At the system level, the model developer gains visibility of the neural functions SpiNNaker is able to implement directly. System-level models can be optimised for the actual hardware, and therefore can potentially run faster; however, they run more slowly in software simulation because of the need to invoke hardware-emulation routines. Our approach uses template parameters to access the hardware components. A given system-level object is a generalised neural object similar to a model-level object, whose specific functionality comes from the template. At the system level, however, a template is a hardware "macro" - for example a function GetWeights() that requests a DMA transfer, performs the requisite memory access, and retrieves a series of weights, signalling via an interrupt when complete. Time at the system level is still that of the neural model, reflecting the fact that the only hardware event visible is the spike event. The user at system level specifies time as an input argument to the template functions: the "real time" the process would take to complete in the model. The processor can then arbitrarily reorder actual hardware timing as necessary to optimise resource use while preserving real-time-accurate behaviour. We have earlier shown [18] how to use this reordering capability to achieve accurate neural updating and STDP synaptic plasticity in an event-driven system. Both processes are interrupt-driven routines with a deferred process, programmed into instruction memory. System level descriptions are the source input for the SpiNNaker "synthesis" process: a bridge between the model level and the device level that

uses templates as the crucial link to provide a SpiNNaker hardware abstraction layer.

# D. Device Level: a library of optimised assembly routines

The device level provides direct interfacing to SpiNNaker hardware as a set of event-driven component device drivers. In the "standard SpiNNaker application model" events are interrupts to the neural process, triggering an efficient ISR to call the developer-implemented system-level neural dynamic function associated with each event.
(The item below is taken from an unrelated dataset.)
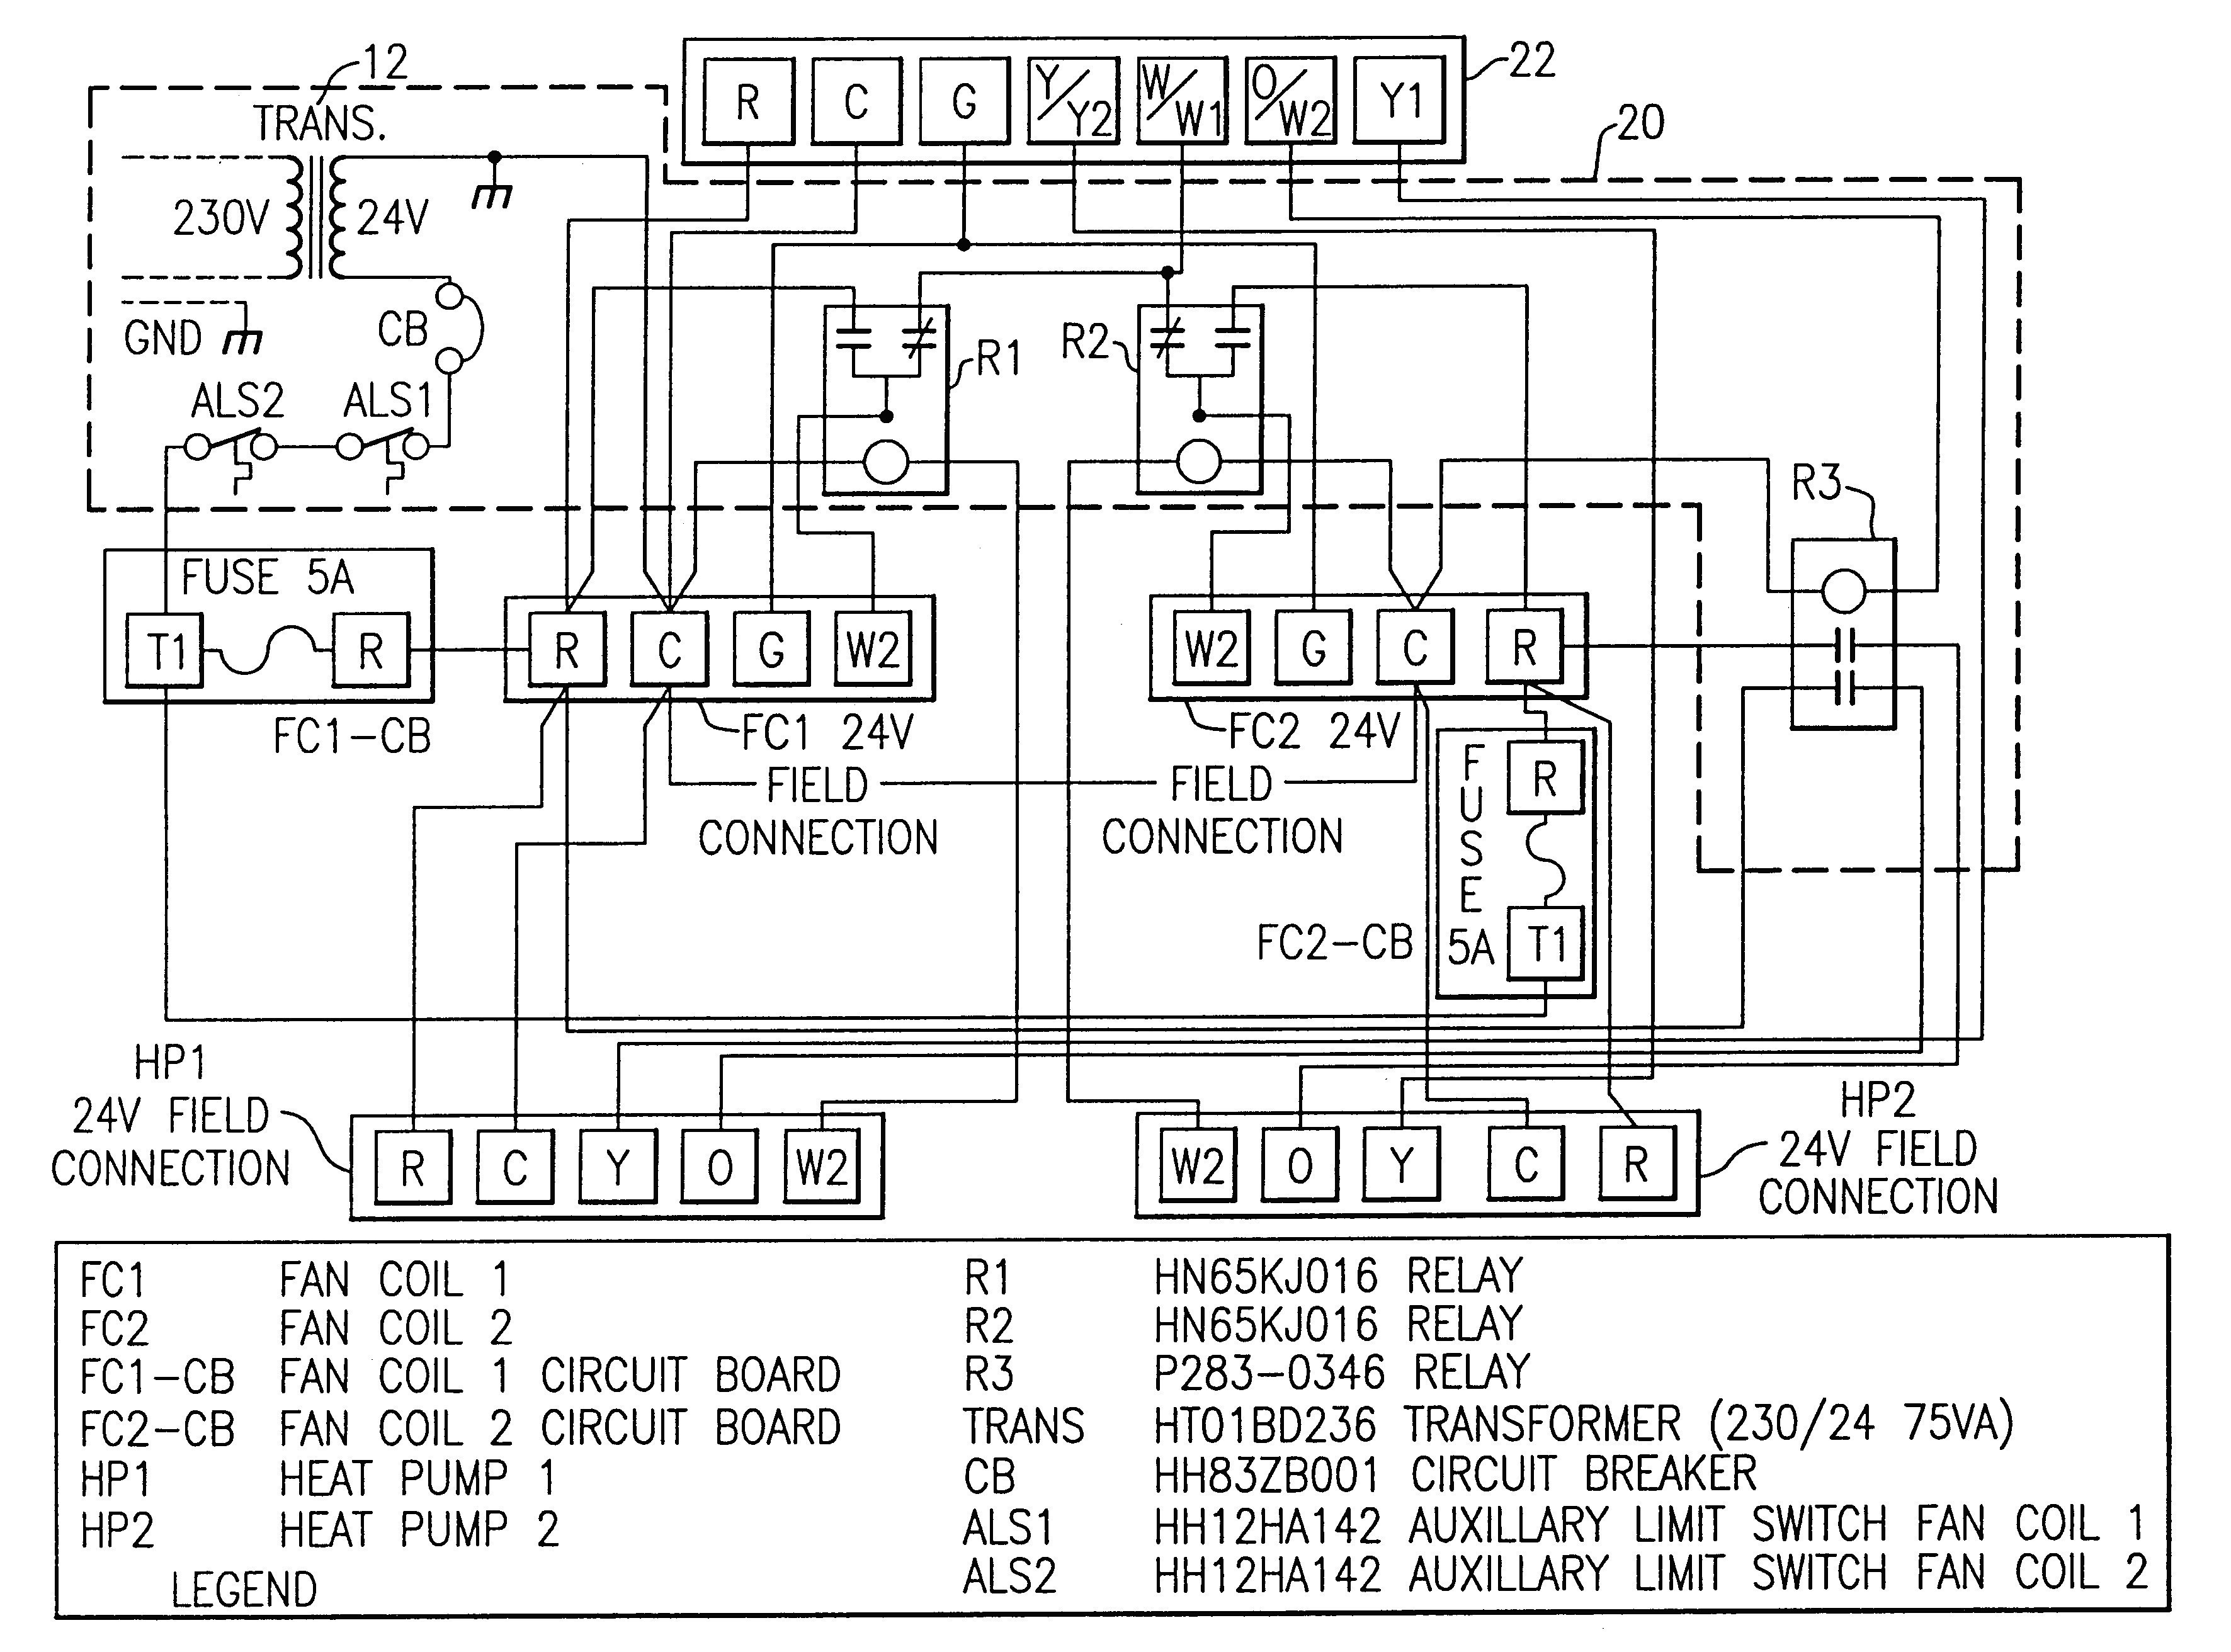 Intertherm Thermostat Wiring Diagram Unique Wiring Diagram For Changeover Relay New Heat Pump Wiring Diagram New

ISR routines therefore correspond directly to device-level template parameters. The device level exposes the process events as well as the spike event, and therefore the programmer specifies a time model by explicit configuration of the hardware devices: the timer, the DMA controller, and the communications controller, along with the ARM968 assembly code. Time at device level is the "electronic time" of the system, as opposed to the "real time" of the model. We have implemented an initial function library as part of the configuration process for the SpiNNaker system using ARM968 assembly language for optimal performance. This device driver library includes the functions needed by a neural application where it has to interact with the hardware to model its dynamics. We have optimised the functions to support real-time applications in an event-driven model with efficient coding and register allocation schemes [19]. We have also optimised the SpiNNaker memory map so that so that the processor will start executing the ISR in just one cycle after receiving the event. In our reference application sending a spike requires 4 ARM instructions while receiving a spike requires 27 instructions, including the DMA request to upload the relevant data block into the local memory. By providing a ready-made library of hardware device drivers we have given users access to carefully optimised SpiNNaker neural modelling routines while also presenting a template for lowlevel applications development should the user need to create his own optimised hardware drivers for high-performance modelling.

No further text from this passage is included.